→ SUPPLIED MATERIAL:
::::::::::
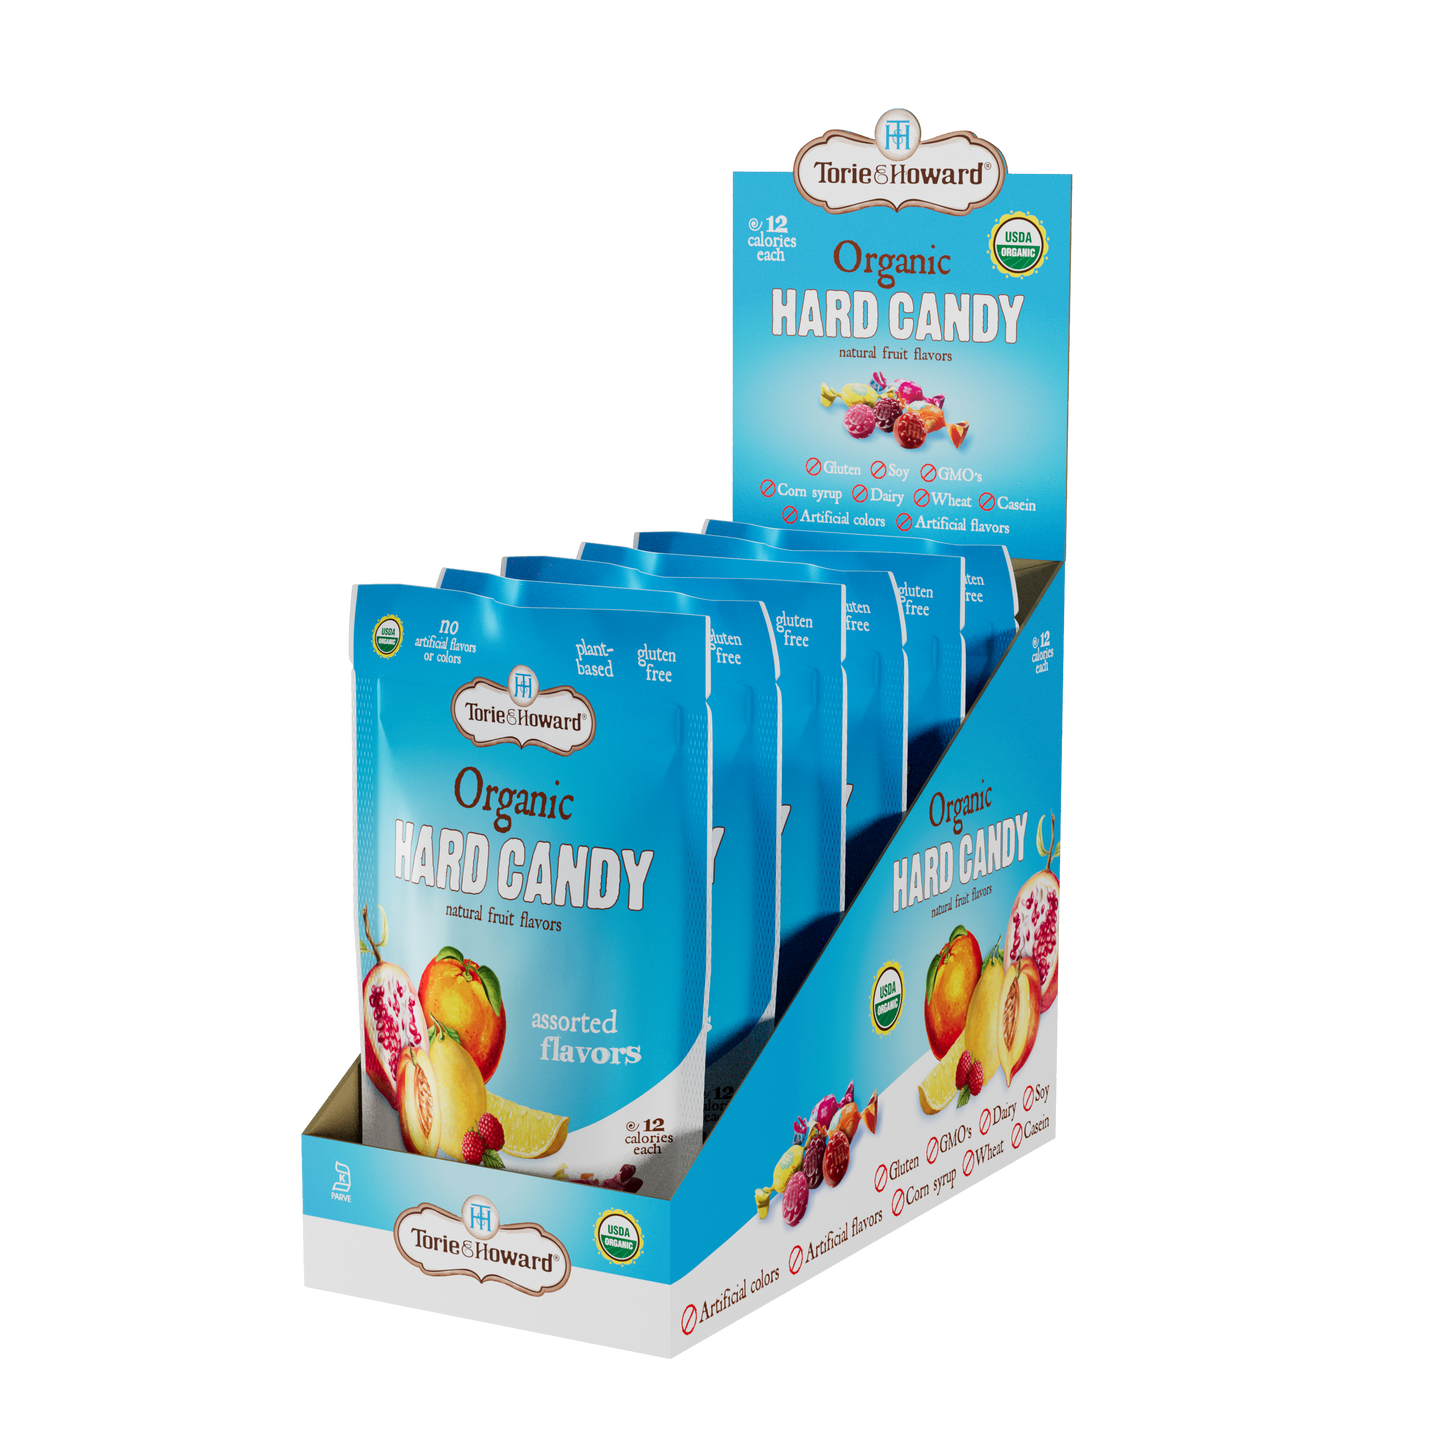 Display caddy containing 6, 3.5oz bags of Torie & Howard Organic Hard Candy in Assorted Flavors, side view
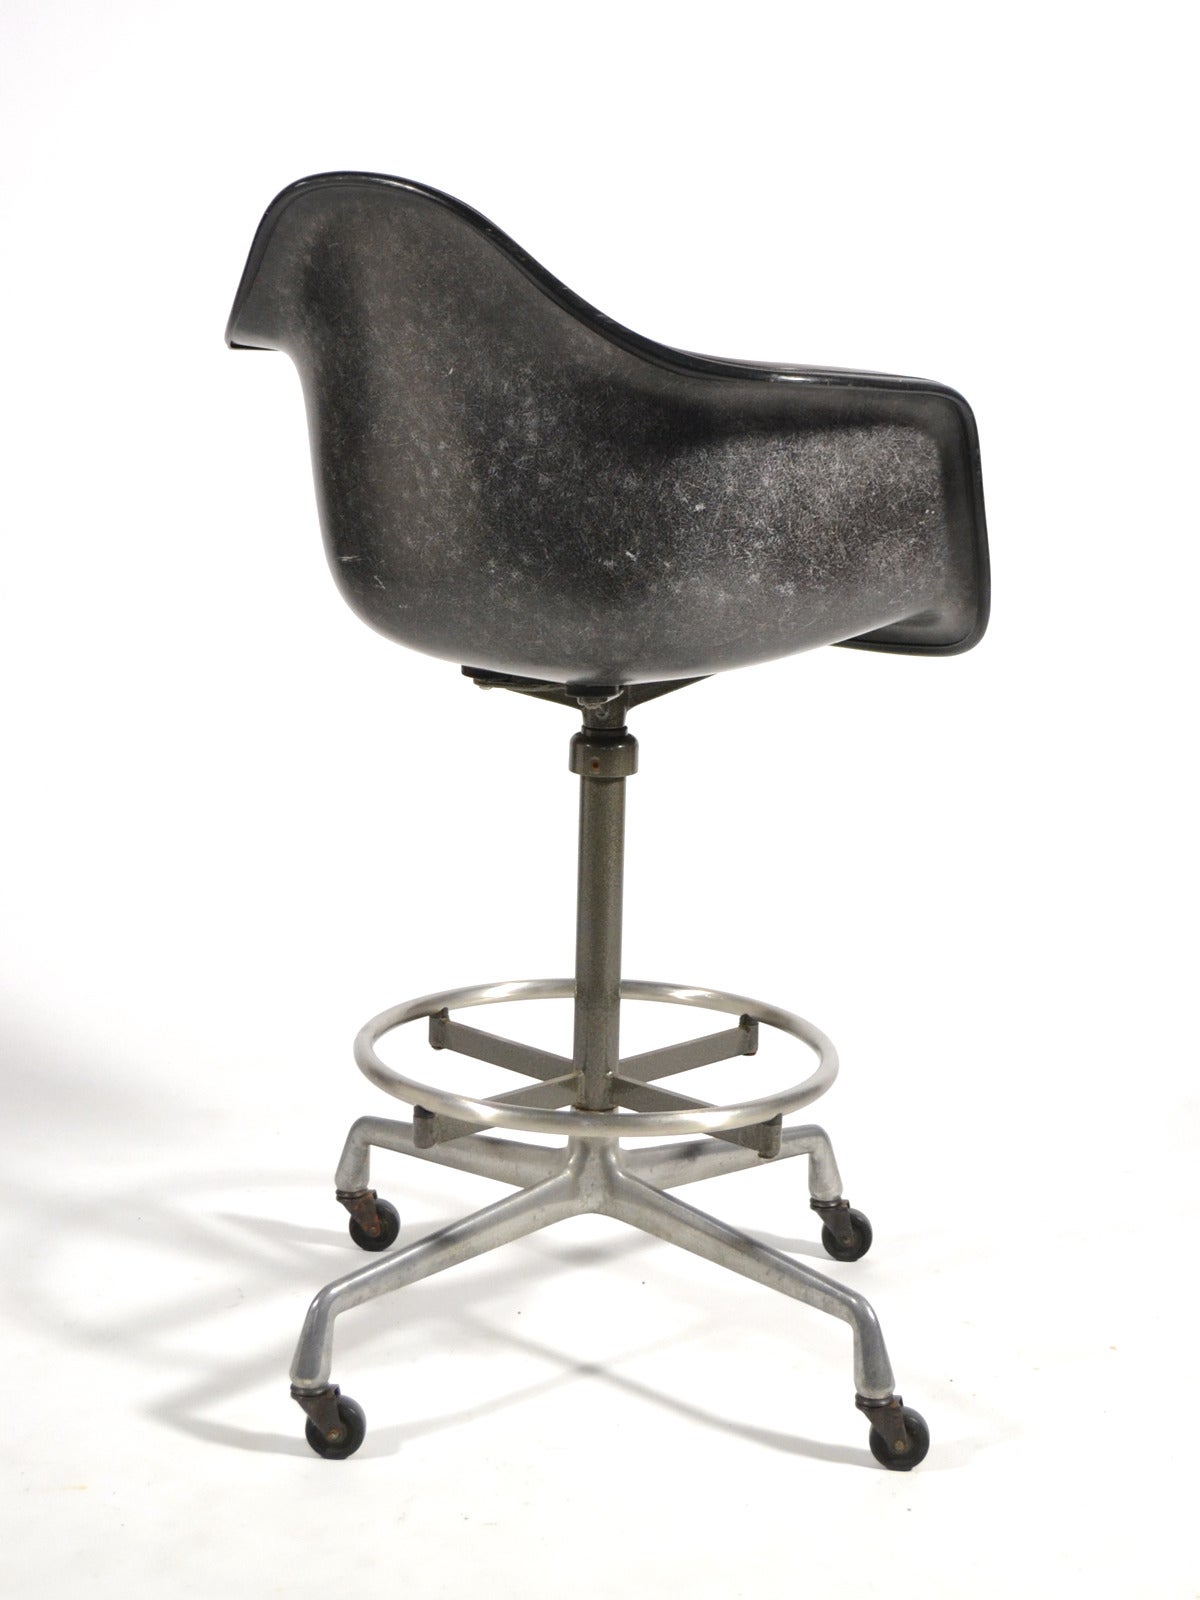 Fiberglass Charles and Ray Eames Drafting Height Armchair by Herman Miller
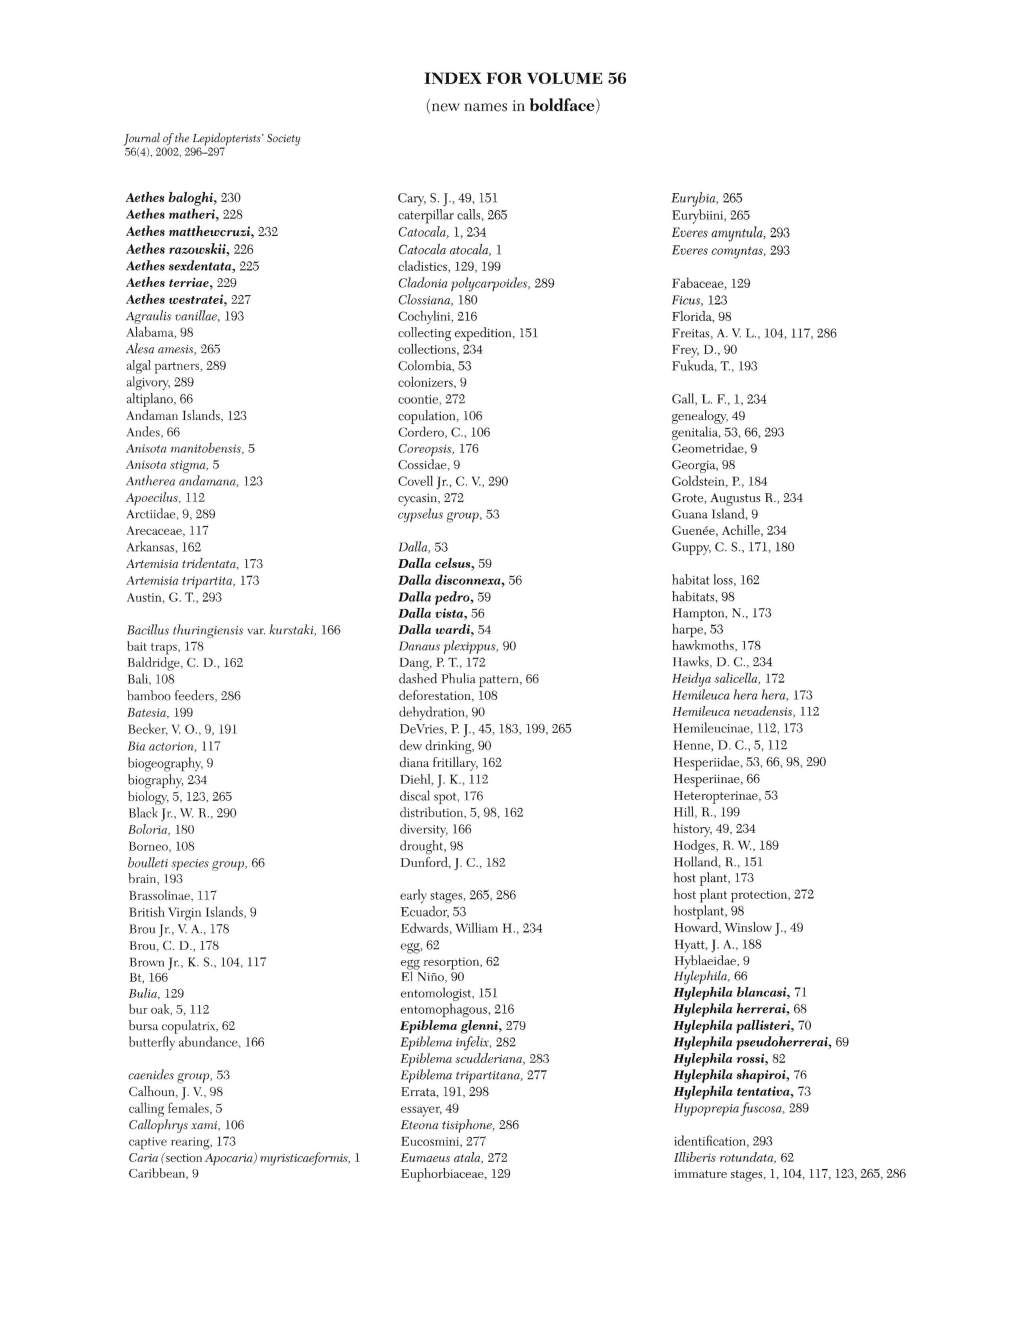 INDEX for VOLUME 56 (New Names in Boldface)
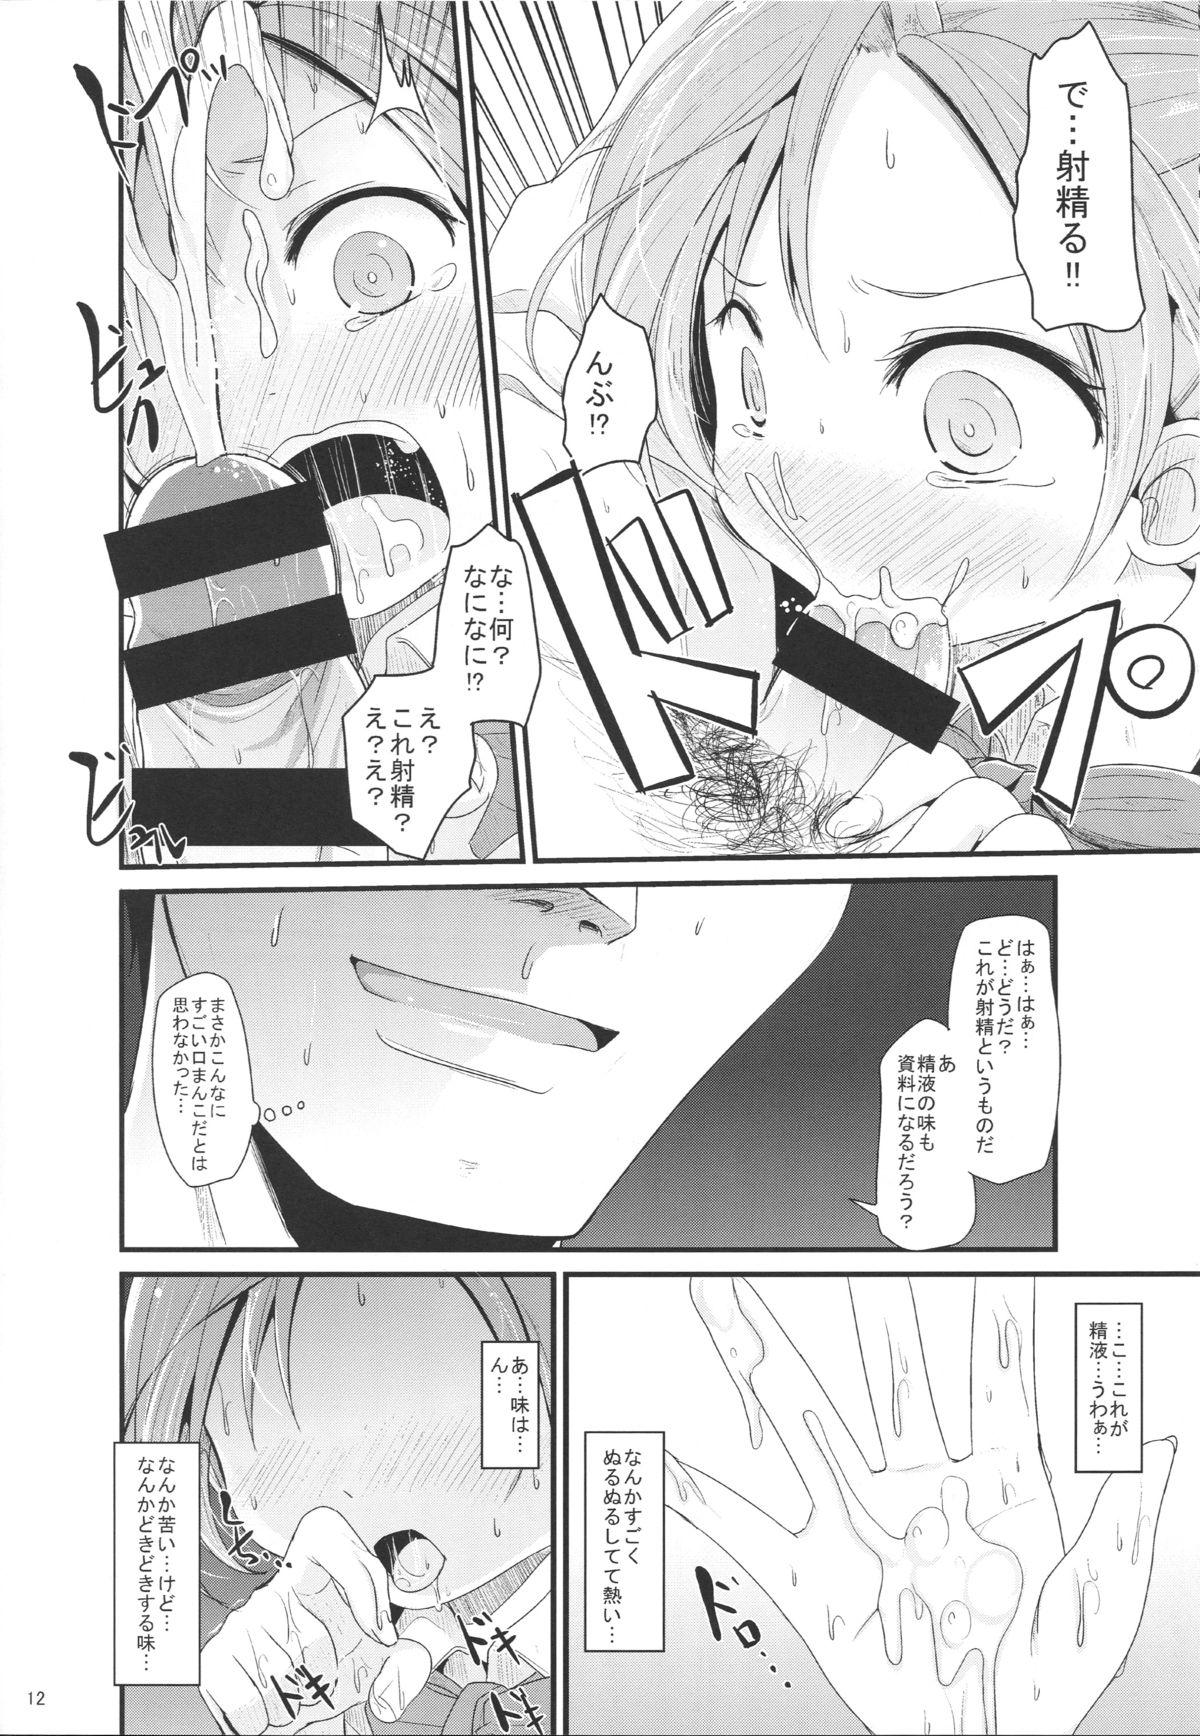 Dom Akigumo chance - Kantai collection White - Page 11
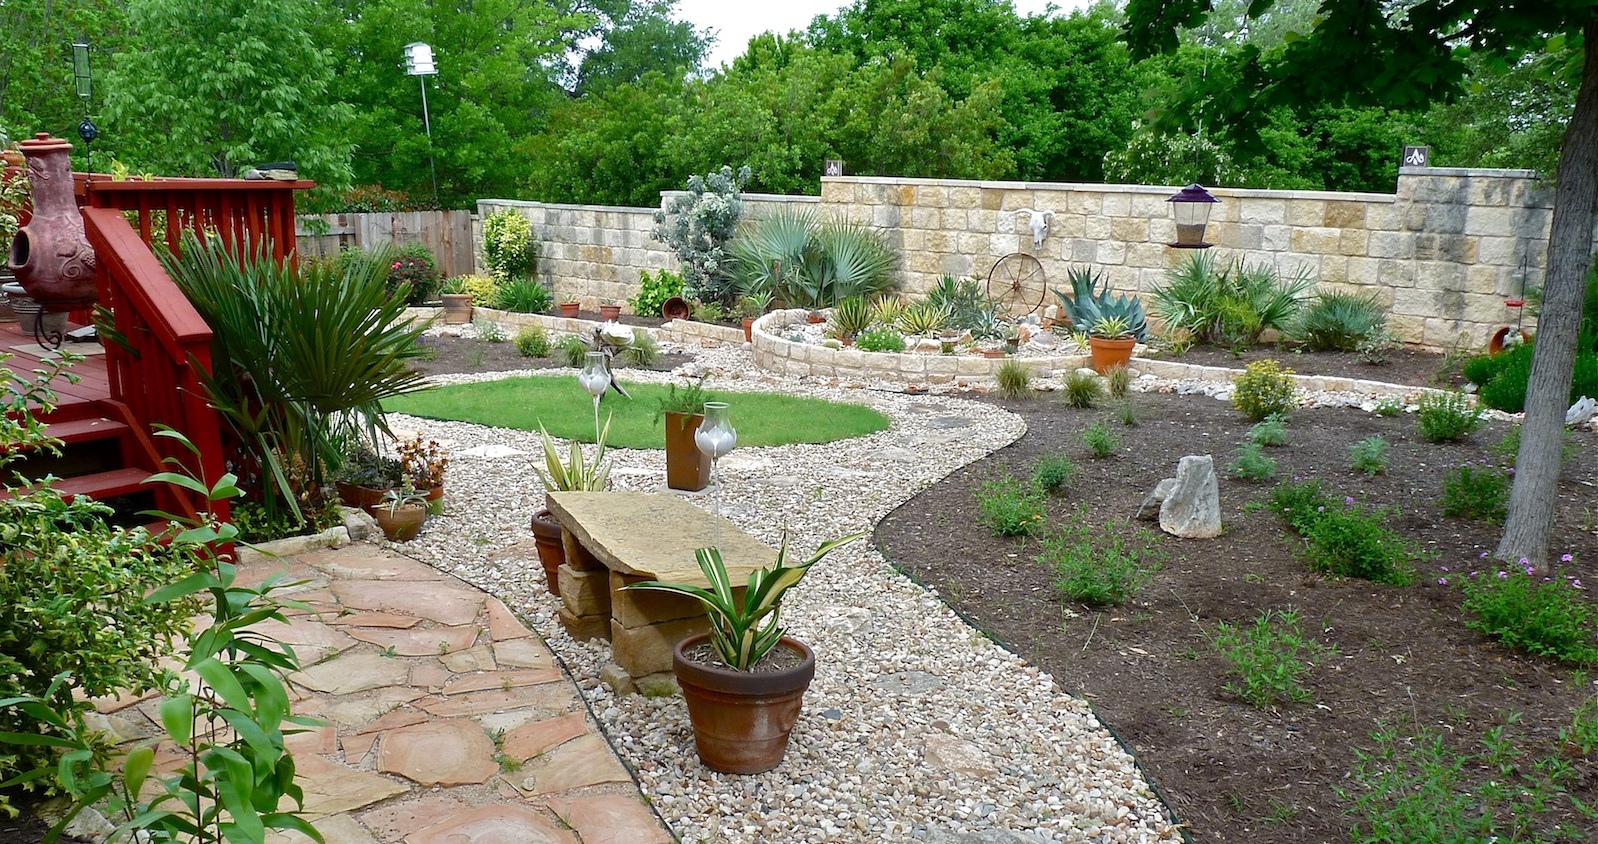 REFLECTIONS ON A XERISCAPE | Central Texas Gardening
::::::::::
→ EXERCISE DIRECTIONS: Would you set down the records exactly, with no pictures included?

→ ANSWER AREA:
 Display caddy containing 6, 3.5oz bags of Torie & Howard Organic Hard Candy in Assorted Flavors, side view
 Fiberglass Charles and Ray Eames Drafting Height Armchair by Herman Miller
 INDEX for VOLUME 56 (New Names in Boldface)
 Dom Akigumo chance - Kantai collection White - Page 11
 REFLECTIONS ON A XERISCAPE | Central Texas Gardening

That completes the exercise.